Over the Shoulder Shot A.K.A. The Two Shot
Over the shoulder shots are used in everything. If you wanted an example you could look at almost any film or television show. If at least two characters are involved and at least one conversation you can bet that an over the shoulder shot will be used at some stage. It isn’t just conversations that make use of over the shoulder shots however. We can see them in scenes with only one character as we see over their shoulder at what they are looking at, or perhaps even into a mirror.
With conversations the over the shoulder shot much like the medium close up, allows us to engage in the conversation as the character seems to directly talk to us even if they are talking to another character. Whether it be police interrogations or heartfelt monologues, the over the shoulder shot continues to deliver. Fuse this with a Noddy Shot (Reaction Shot) from the opposite angle and you’ve got gold.
The tracking shot is a little bit different, its usually more of a sequence of shots than an individual one. The whole point of the tracking shot is to keep focus on an individual or object as it moves throughout the world. Creatively this can be done so well. The likes of Jackie Brown does this over the opening titles that lasts for three and a half minutes.
Point of View (P.O.V.)
Point of View shots take the perspective of one of the characters in the scene and frames everything they can see within the shot. It can be used to show how they are feeling or how they perceive reality literally from their point of view. Comedy series Peep Show do this very well.
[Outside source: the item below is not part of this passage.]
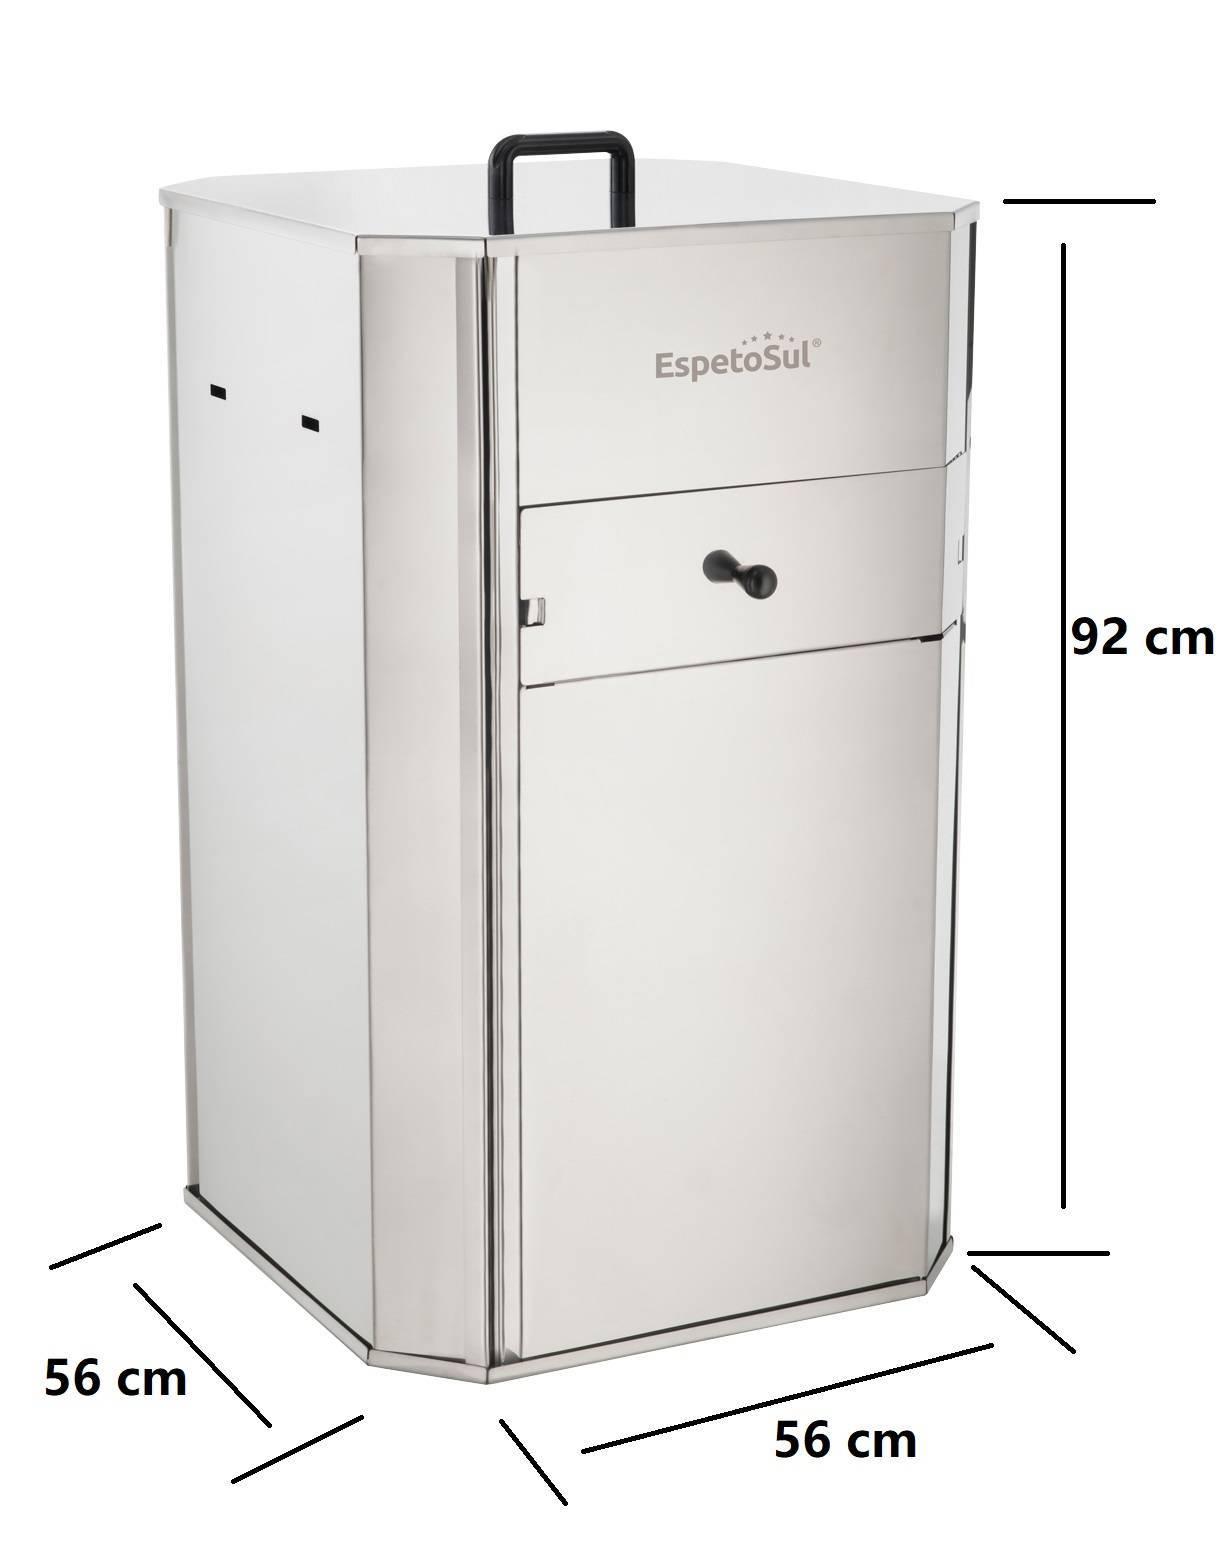 Churrasqueira a carvão inox 20 kg para costela 1 Espeto a pilha - EspetoSul
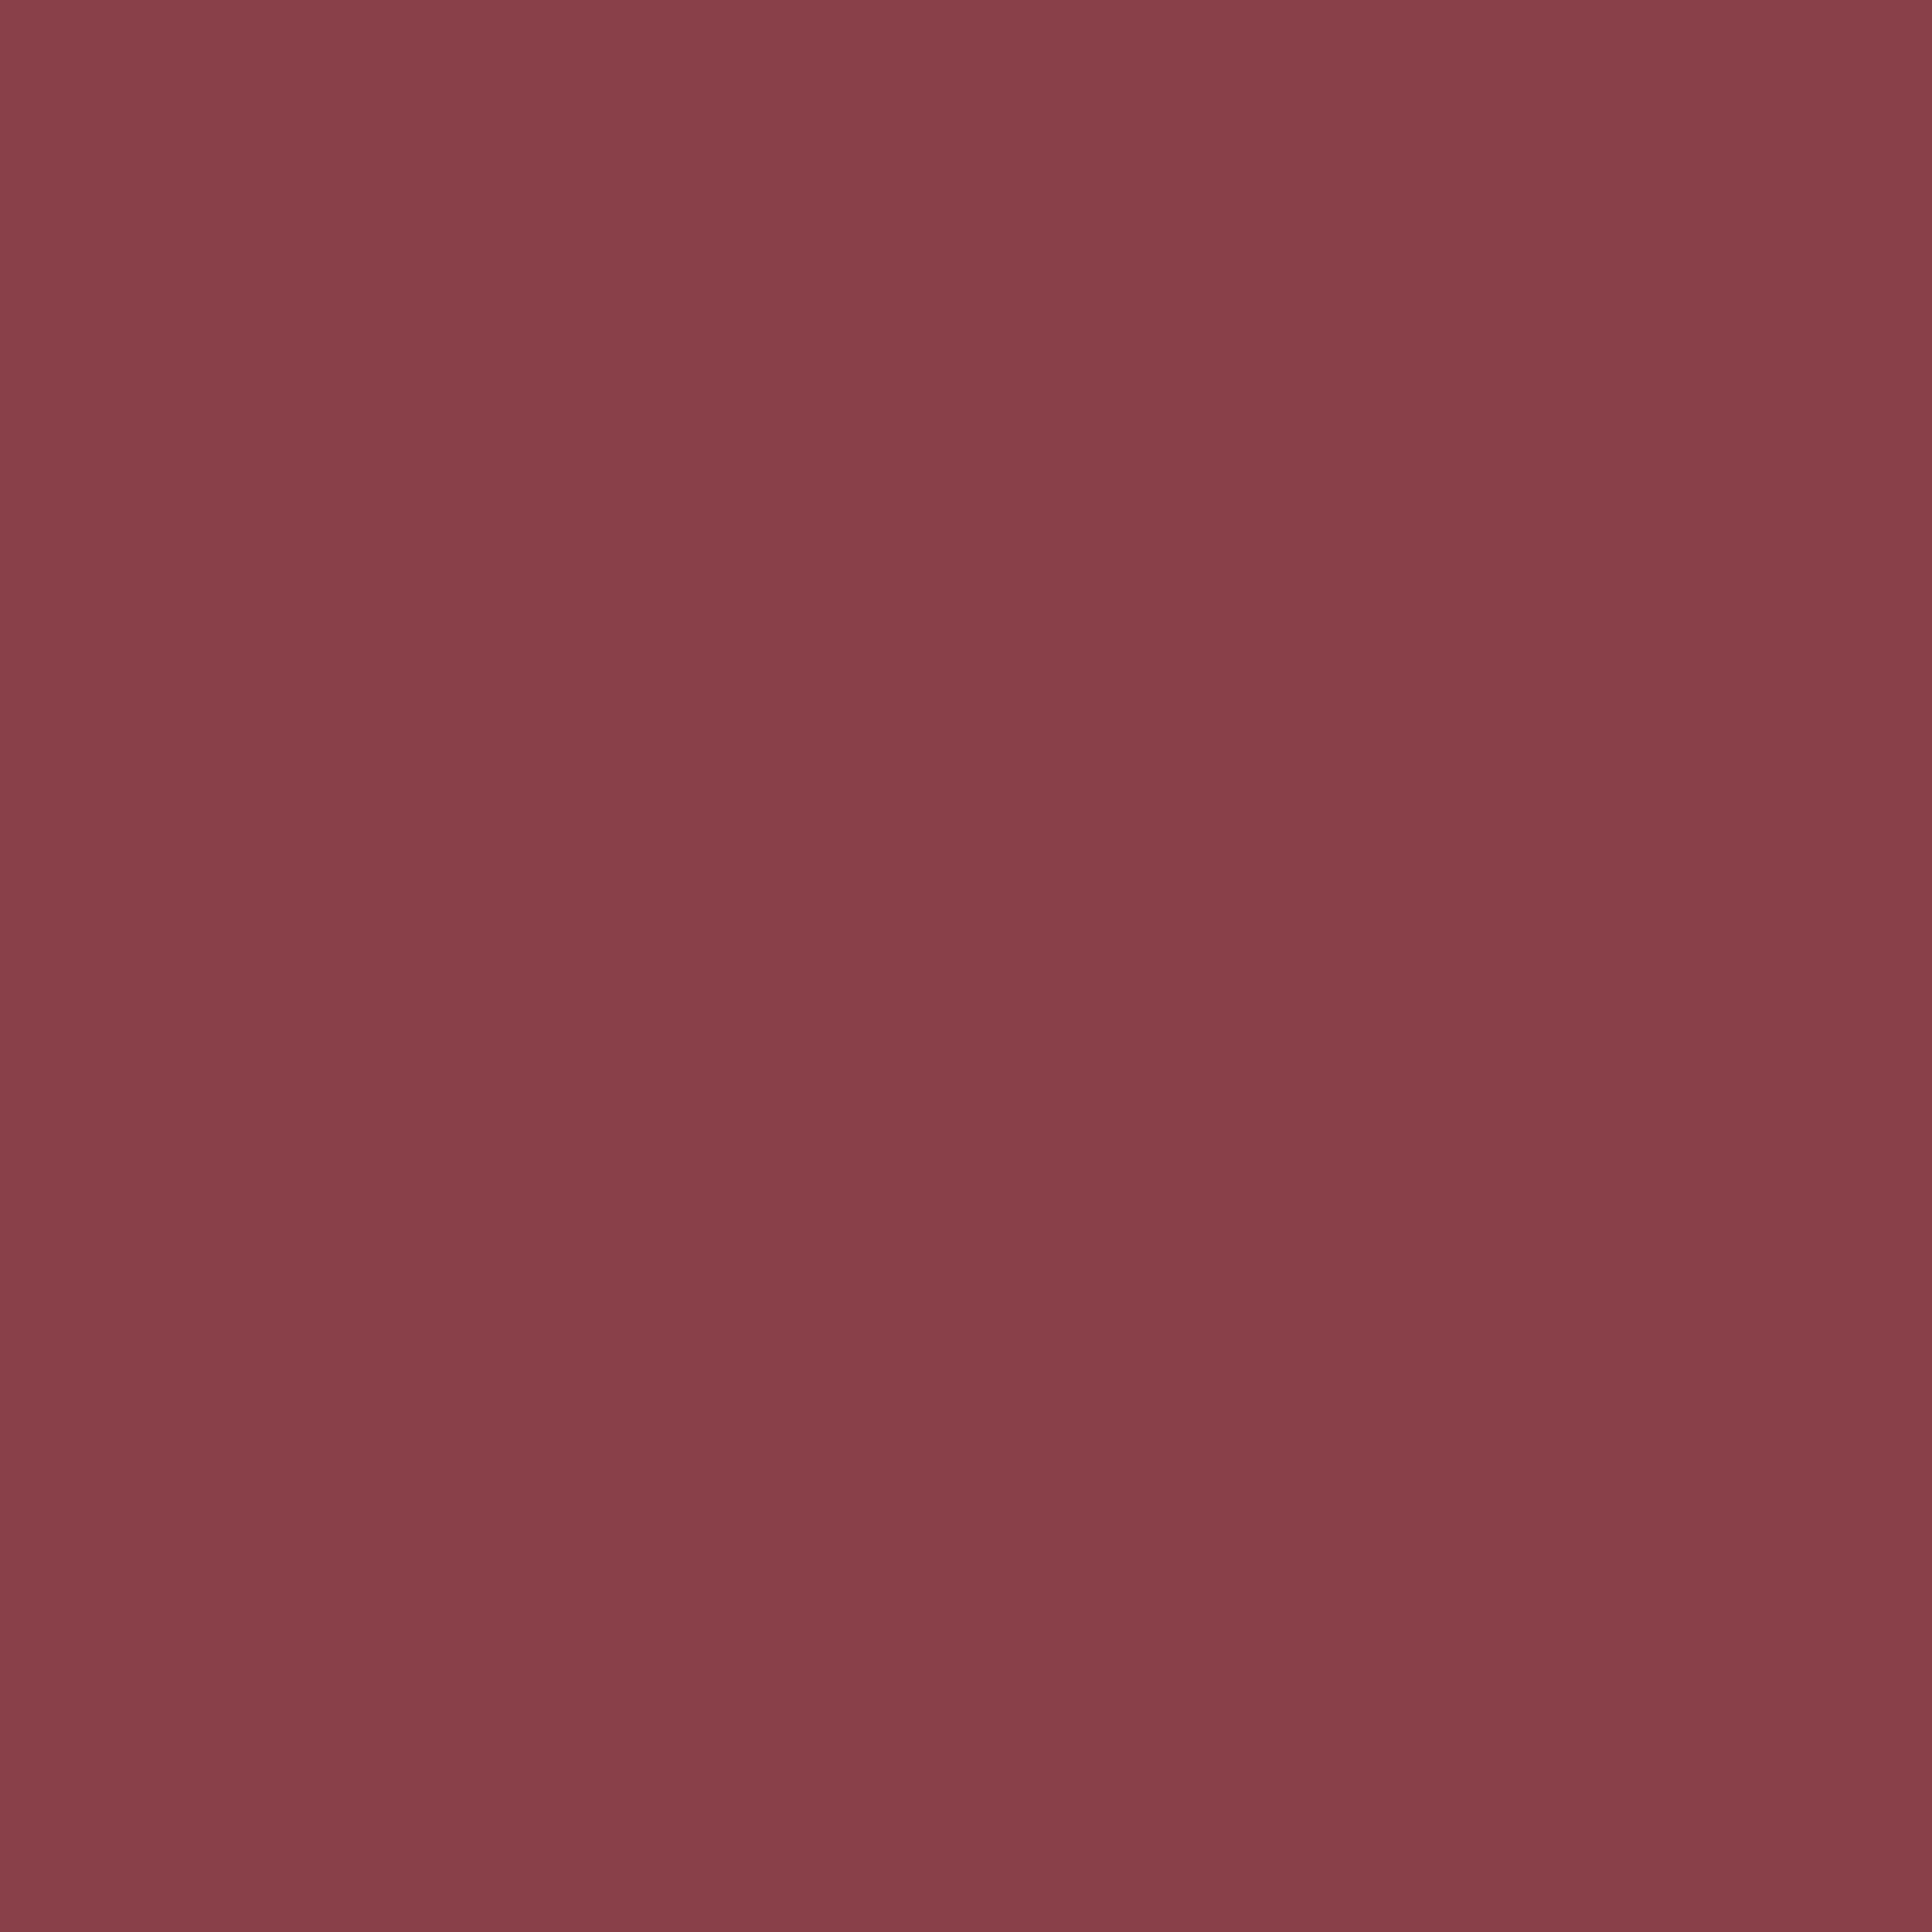 3600x3600 Cordovan Solid Color Background

But for our main example we will be looking at the film ‘Hardcore Henry’. Hardcore Henry began its life as a series of short music videos for the band ‘Biting Elbows’ which the director and writer Ilya Naishuller had involvement with. These two videos involved actions sequences all taken from the first person perspective. With this concept in place Naishuller was able to pull in Sharlto Copley who loved working on small independent films like District 9, that ended up becoming a blockbuster. The film in its entirety is filmed from the perspective of the protagonist in first person view and has been compared to how a first person shooter game would unfold. The film would even manage to pull in Tim Roth.
The film was made by creating custom rigs that would be fitted on the stunt man who would be playing Henry and the special effects were created using the freeware software Blender pushing the limitations of what the software could actually do. The whole film is littered with amazing cinematography and is a masterpiece for what they were trying to achieve. The scene flow into one another often these sequences being shot in one take because there would never be a change in shot. The effort and co-ordination used to create the film is remarkable and is definitely a must watch even if it doesn’t seem like your cup of tea just for the experience.
Its all about how shots are framed that makes us look into all these different shot types. Why use one shot type over another? Its all about the audience and the viewer. You want the shots you use to be the most effective and to place the audience into the thick of whatever they are looking at or watching. Directors and Photographers will pick and choose and cut what is needed in order to convey a message or to signify what is important in a scene. In Inception shots are used to skew reality working with camera trickery to pull together impossible looking shots.
Without the right kind of shot the words the characters are speaking or trying to explain are meaningless in such a visual form of media. In a book our minds can go wild but in a film we can only see what the Director shows us even if they sometimes subvert it as in No Country for Old Men but even that itself is a statement to the audience, that that is not what is important. The missing heist in Resivior Dogs is another prime example of this. If it doesnt add anything to the narrative then it doesnt need to be shown.